18 Oct, 2013 @ 18:30
1 min read

Keeping food on the table and fish in the sea

F and D over fish

A sustainable fish farm in Donana is being used by Spain’s top chefs, discovers Alex Iszatt

SUSTAINABLE living is a buzz-word for many chefs, and an integral part of how to keep our society fed – as well as respecting the environment from which food came.

So it is encouraging to discover that Andalucia is home to one of Europe’s first ‘sustainable’ fish farms.

A genuine pioneer Veta la Palma, in the Donana National Park, rears fish in a semi-wild state, with the minimum impact on the environment.

And its success speaks for itself with Spain’s leading chefs Martín Berasategui, Ferran Adria, Dani García, Pedro Subijana, and Fernando Cordoba all using its quality, high end products.

Best of all, its fishes are much healthier than the normal intensive fish farm methods.

Their animals grow more slowly than under intensive methods, taking 30 months to reach what usually takes just 18 months.

The fishes also have more space to swim in, making for firmer and tastier flesh.

The company extracts a maximum of 1,500 tonnes of fish each year – a fraction of what might be possible under a more profit-driven regime.

However, as the business is state owned, it has meant that the company can look more at other factors.

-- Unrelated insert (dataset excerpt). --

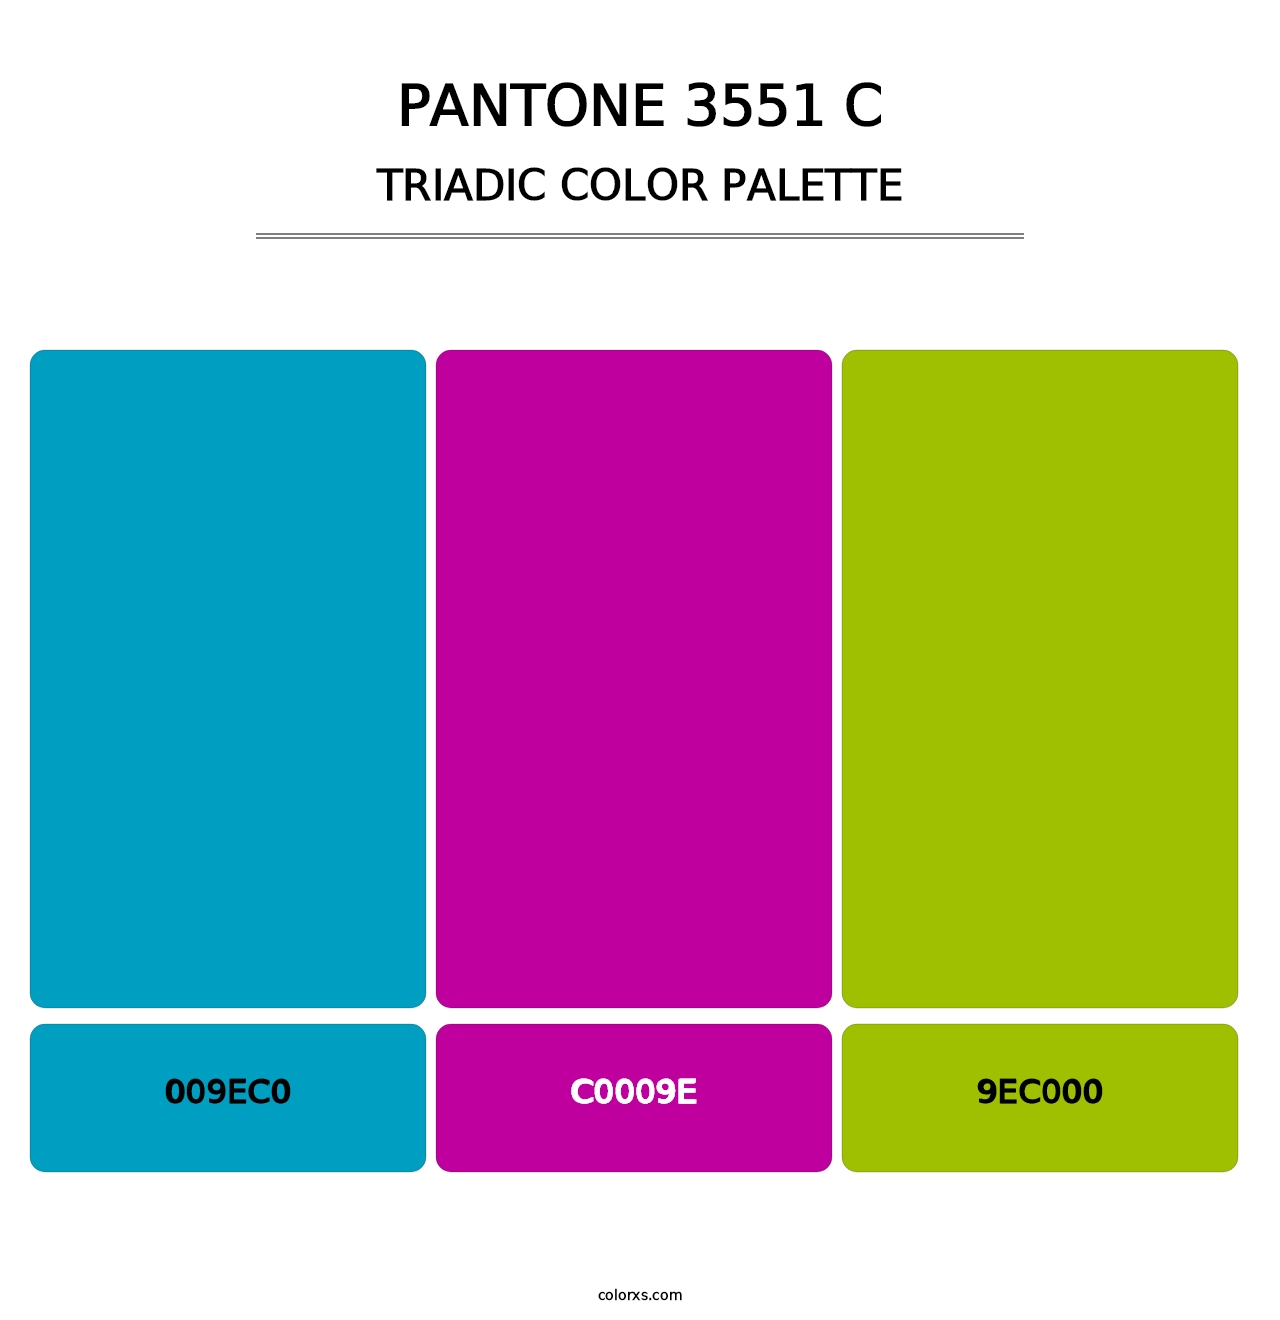 PANTONE 3551 C - Triadic Color Palette

In the 20-odd years since the project kicked in, biodiversity on the finca has soared.

Water returned to the Guadalquivir river, that passes through the area, is much cleaner than when it was first pumped into the channels, thanks to the oxygenating capacities of the 250-plus bird species found on the estate.

It is certainly not to be sniffed at in terms of size. The farm spreads out over some 11,000 hectares of classic wetlands, some of Spain’s most valuable and highly protected land.

During the Franco years it was owned by an Argentinian company that raised beef cattle here.

However, in 1982 the rice company Hisparroz leased the land and planted rice, only to find that it was prohibited by environmental legislation.

Eventually fishermen came to the flooded fields of this marshland and in 1990 the ‘aquaculture’ farm was nationalised and brought under the ownership of the Donana National Park foundation – to be used as a fish farm.

So successful has Veta la Palma become over the last decade, that today it is selling its fish, including sea bass, sea bream, mullet, shrimp, sole and eel, in Italy, France, Portugal, USA and the UK. Currently, about a fifth of total production goes abroad, but this figure is set to rise considerably over the coming years.

Incredibly, a sea bass fished on the estate can be at an American fishmongers in as little as 24 hours.

With this sort of delivery, it is bound to gain more custom and prove that sustainability is not a dirty word when it comes to food.